С шеи серого я снял круглого, насосавшегося клеща.
       – Собака, а все понимает, – сказал я. – Видишь, специально шею подставляет.
Циника передернуло.
       – Зачем ты это делаешь? Они по помойкам, а ты, фу. Они все больные, все заразные. У этого сбоку, что, грыжа что ли?
       – Кто-то его пнул. Они глупые на людей кидаются. Особенно, когда я рядом. Защищают. Хотят, чтоб я их взял к себе. Все хотят иметь крышу над головой. Только куда же я их возьму, в разъездах все время? Ну серый, не лижи мне руки. Нечего мне тебе дать.
       – Да, вот этих, вот этих плешивых в дом!? Возьми.
       – А помнишь, как мы мечтали, чтобы нас кто-нибудь взял, – напомнил я Цинику. – Все живое хочет тепла. Люди сделали этот мир таким, какой он есть, а собаки - собаки ни в чем не виноваты.
Я поднялся.
      – Ну бегите. Давно их не было. Перестал кормить и убежали. Они маленькие, им года по два. Кто-то принес во двор и оставил. А они щеночки совсем, на детской площадке в ящике жили, ночь напролет пищали – не уснуть. Я кормил и соседка по этажу.
      – И зачем? – спросил Циник. – Думаешь, совершил Добрый поступок? Расплодятся они и вместо трех голодных щенков будет двадцать. Своей добротой ты умножаешь несчастье, подыгрываешь злу.  Надо было их убить.
      – Убить и без меня, найдутся желающие. – ответил я. – Я не вылечу этот мир, и никаких сверхзадач по его исцелению не ставлю. Я просто не могу пройти мимо, когда кому-то плохо. Ты  пытаешься рассуждать рационально в иррациональном мире. Я вот не верю в рациональность.
      Дырявое все – и логика и математика – все дырявое. Вычистим землю, посадим везде персики, создадим сверхлюдей, здоровых таких детин с квадратными головами, чтоб каски не падали – все это не работает. Если б работало, давно бы уже сделали. Глядишь, вроде и породистый, и плечищи, и череп правильной формы, а все равно дохнет. Не получается  как-то из таких доминирующую расу состряпать.
      Вот эти видишь вшивые, мухами уши покусаны, клещами облеплены – зараза ведь на заразе. А никакая хворь не берет - иммунитет. И без меня плодиться будут  и голодными бегать. Ты их, конечно, не станешь убивать, ты их просто не заметишь, пройдешь себе мимо.
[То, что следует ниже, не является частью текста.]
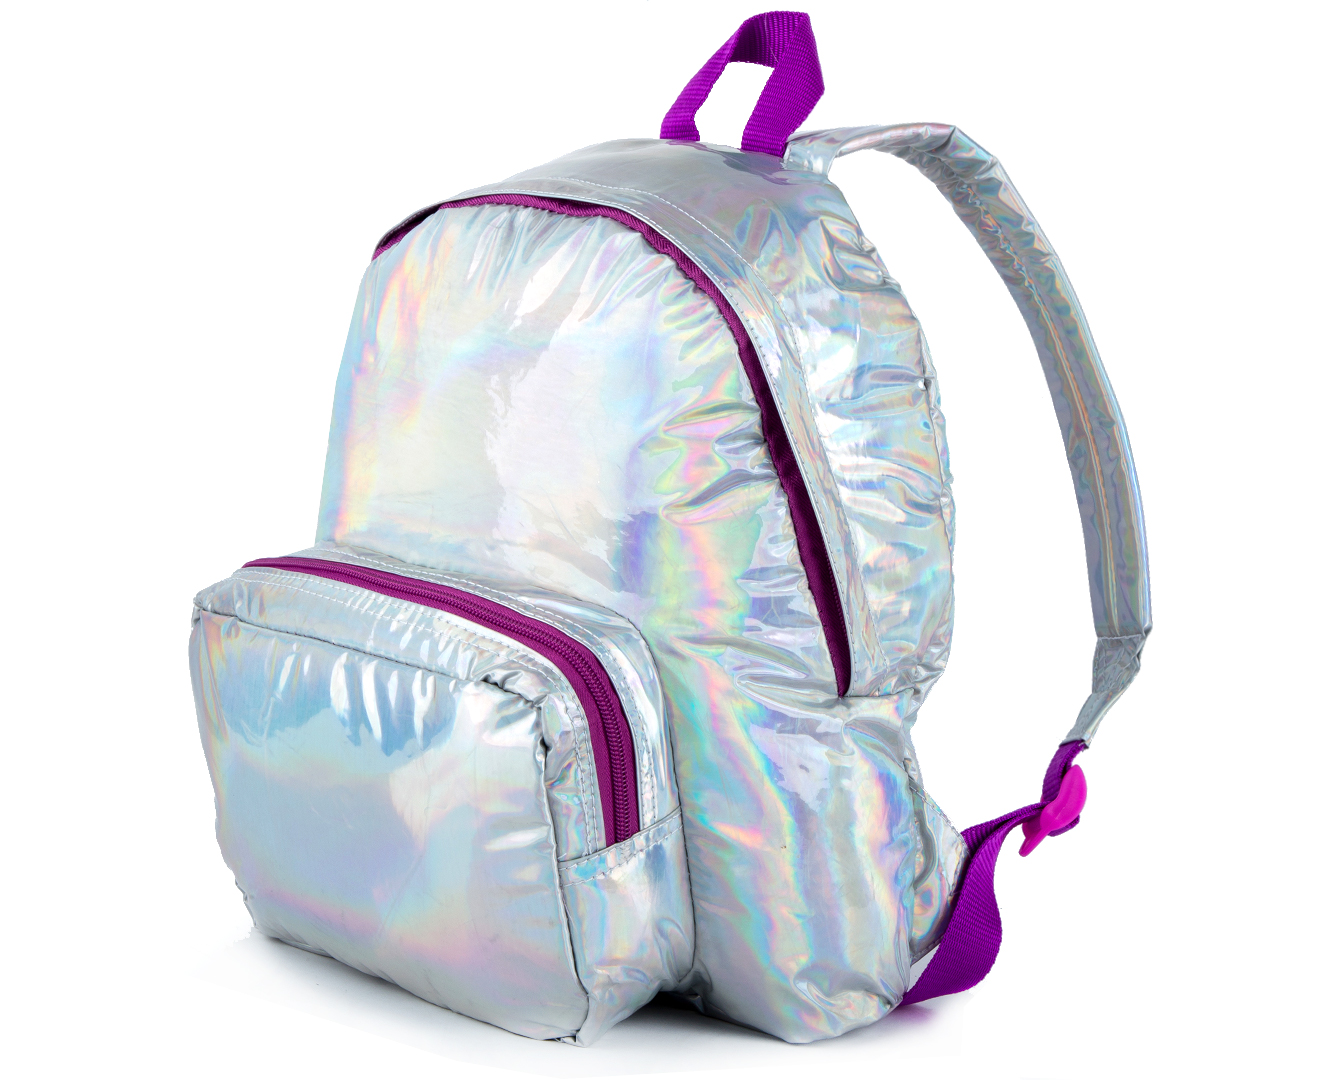 The Trendy Backpack - Rainbow Hologram | Mumgo.com.au

Мне вот разве пожалуешься - ох сколько ж развелось, а вот я бы.

         = Что ты бы? Приют для них построишь? Активистом станешь, деньги найдешь, чтоб ветврачи сук стерилизовали? Хрен. Я бы кабы-о-го-го бы, и на этом все. А я их просто покормлю. Просто так, без заглядывания в будущее, и размышлений о помощи городской администрации и прогрессивному человечеству.  Ради одного сытого дня в их жизни - покормлю. Ради себя.  А ты хорошо придумал – никому ничего, и вроде о всех позаботился.
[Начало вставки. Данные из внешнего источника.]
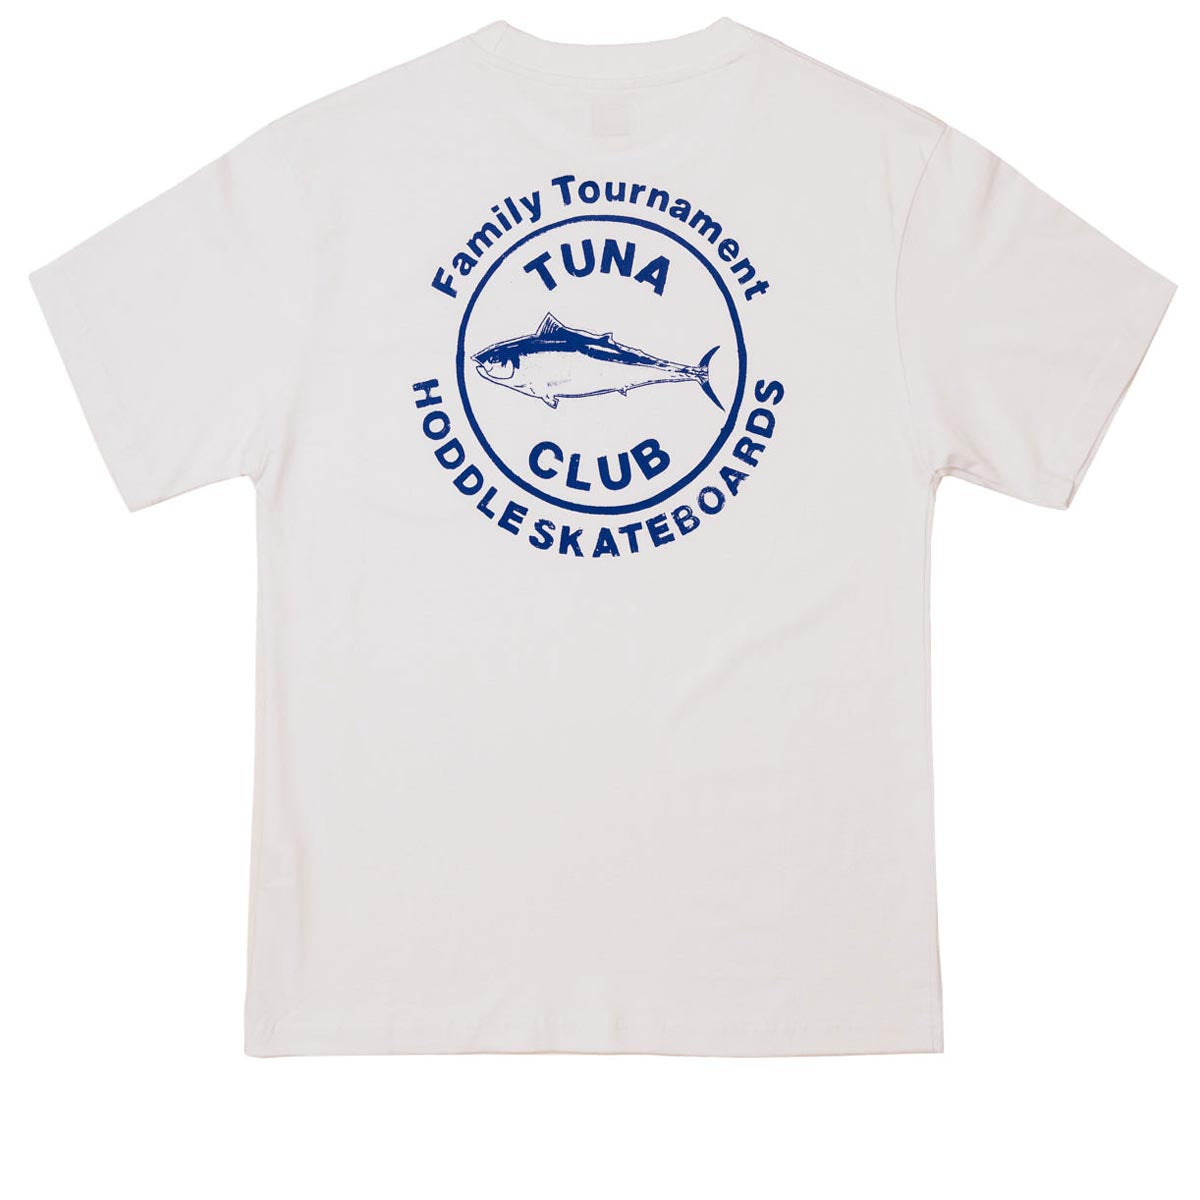 Hoddle Tuna Club T-Shirt - White image 1

       – Дырявая математика, – косо усмехаясь, повторил мои слова Циник.
       – Конечно дырявая. Ты вчера про силу случая и интересно говорил, мне понравилось.
       – И в селекцию не веришь?
       – Верю, как во что-то декоративное и не живучее. Оставьте ваших сверх удойных коров в покое на пяток лет – перемрут, или станут такими как раньше. Селекция ваша тоже дырявая.
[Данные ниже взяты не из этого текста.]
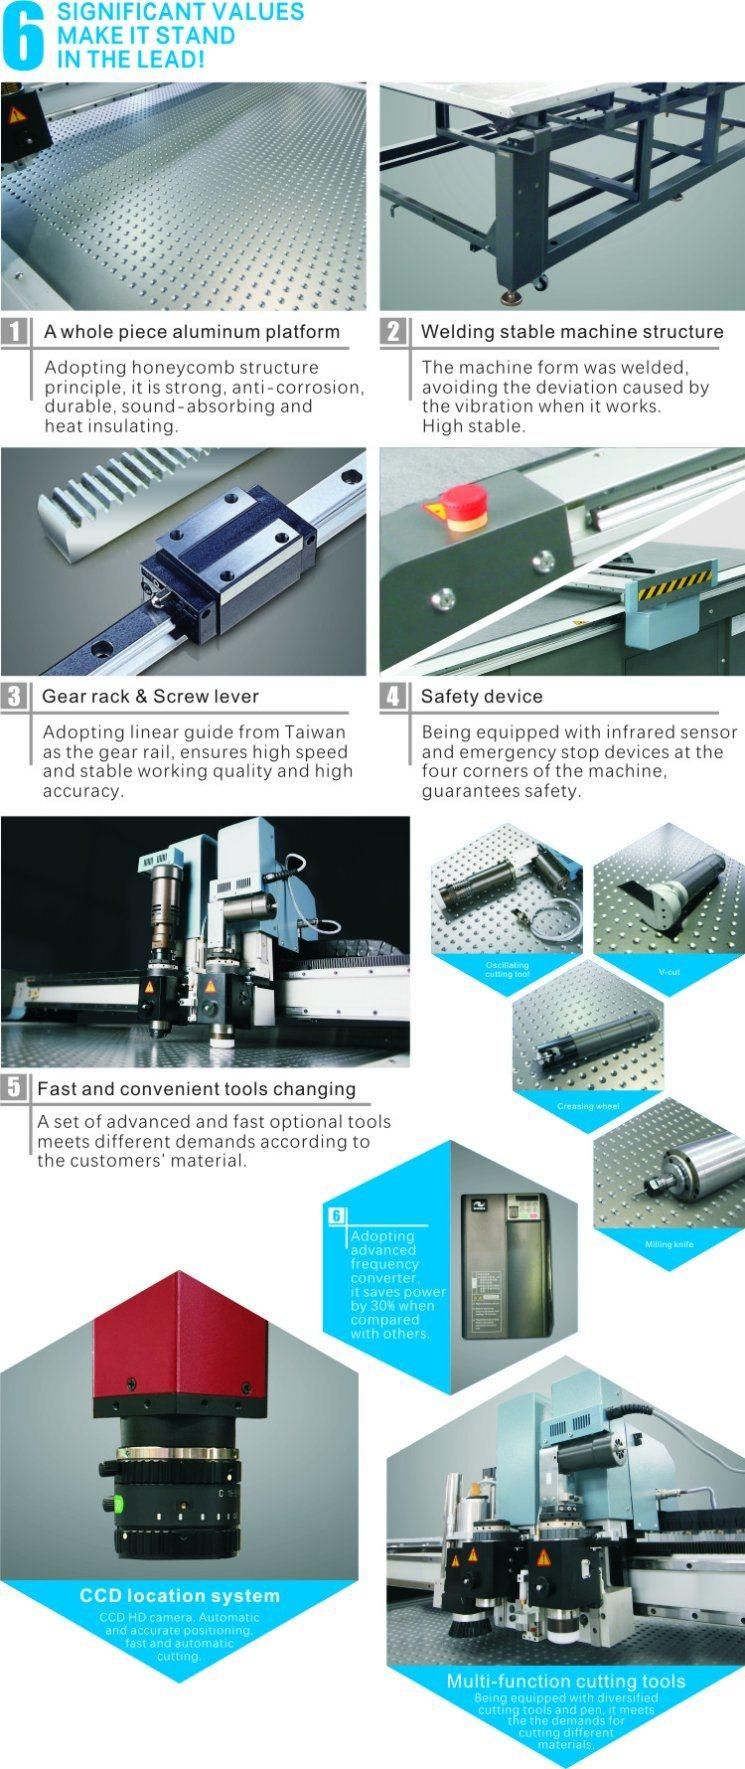 CNC Full Automatic 12000X1600mm Gloth Cutting Machine Cutting Plotter

Собаки отстали. Мы обошли городскую площадь, и снова свернули во дворы. Циник шел рядом, брезгливо поглядывая на мои руки. Наверное, вспоминал, как я гладил серого.
       – Жалость это признак слабости. – сказал он.
       – Меня признаками пожалуйста не пугай. Сильные плевали на все признаки. – ответил я. Циник приподнял брови, кивнул, показывая, что ответ ему понравился.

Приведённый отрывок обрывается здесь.